Die Novellierung des Rettungsdienstgesetzes NRW kommt in die entscheidende Phase. In Dortmund gibt eine  Hilfsorganisation seine Zahlungsunfähigkeit bekannt. Zahlreiche Positionspapiere zur Novellierung des RettG NRW und zur Novellierung des BHKG NRW lassen uns erneut nachfragen, ob der Rettungsdienst noch sicher ist.

Ruhrbarone: Am Freitag hieß es: „Dortmund: ASB Regionalverband meldet Insolvenz an“. Zeitgleich stellen sich die Hilfsorganisationen als Rückgrat des Rettungsdienstes und des Bevölkerungsschutzes dar. Wie passt das zusammen?

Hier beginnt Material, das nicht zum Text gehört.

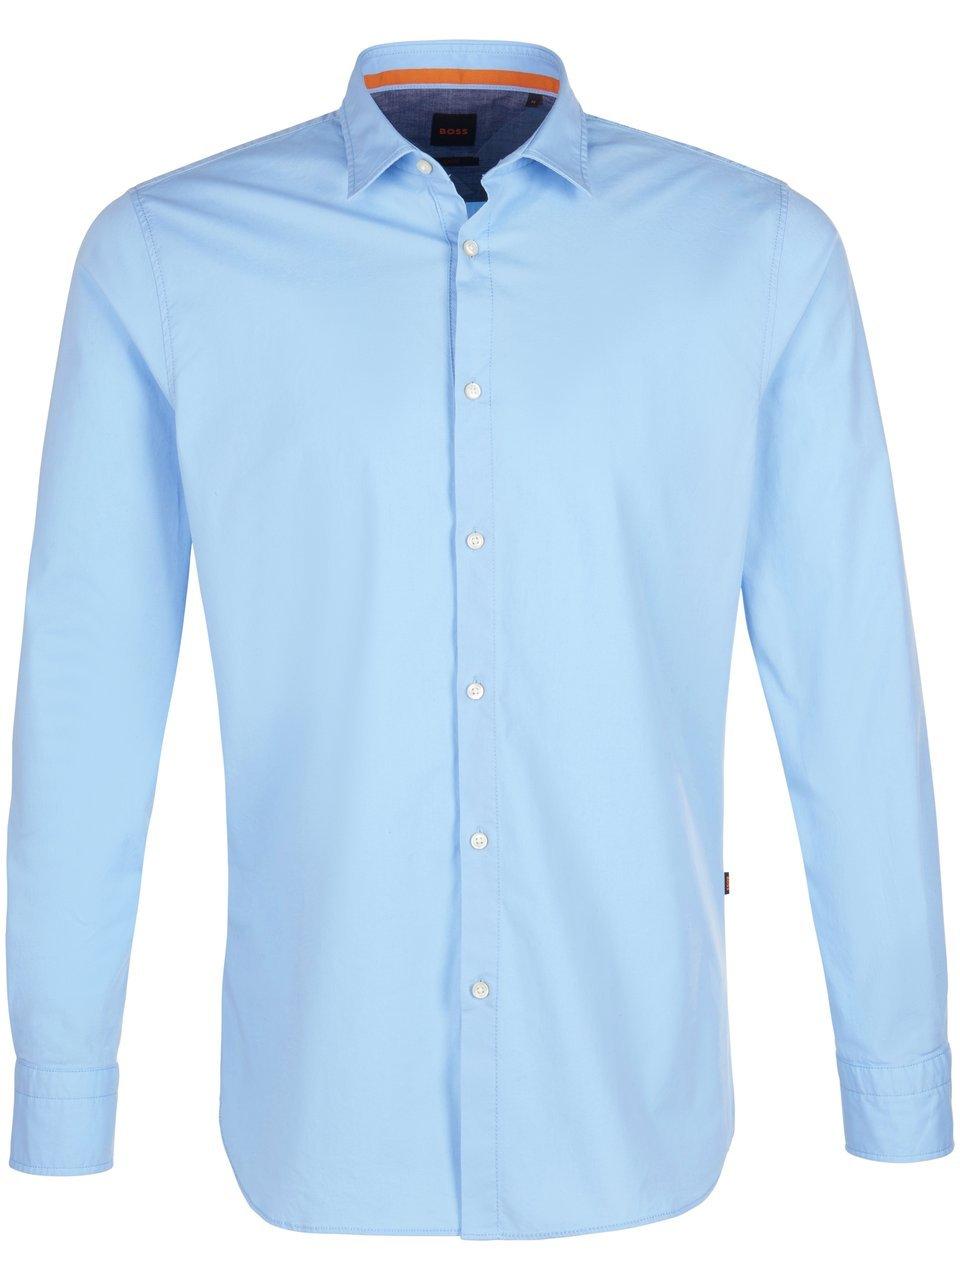 Hugo Boss - Overhemd Lichtblauw - Maat XL - Slim-fit

Memmeler: Zunächst muss ich sagen, dass mich diese Meldung zum ASB auch bewegt, da ich einige handelnde Personen persönlich kenne und ich mir natürlich auch vorstellen kann, wie diese Meldung auf die Mitarbeitenden des ASB wirkt. Durch meine langjährige Tätigkeit im Rettungsdienst der Stadt Dortmund kann ich mir vorstellen, dass diese Meldung zahlreiche Entscheider im Stadtgebiet Dortmund bewegen wird. Schließlich stellt der ASB aktuell Personal für 4 Rettungswagen, 3 Krankenwagen und ein Notarzteinsatzfahrzeug im Stadtgebiet Dortmund und stellt zusätzlich Ressourcen für den Bevölkerungsschutz bereit.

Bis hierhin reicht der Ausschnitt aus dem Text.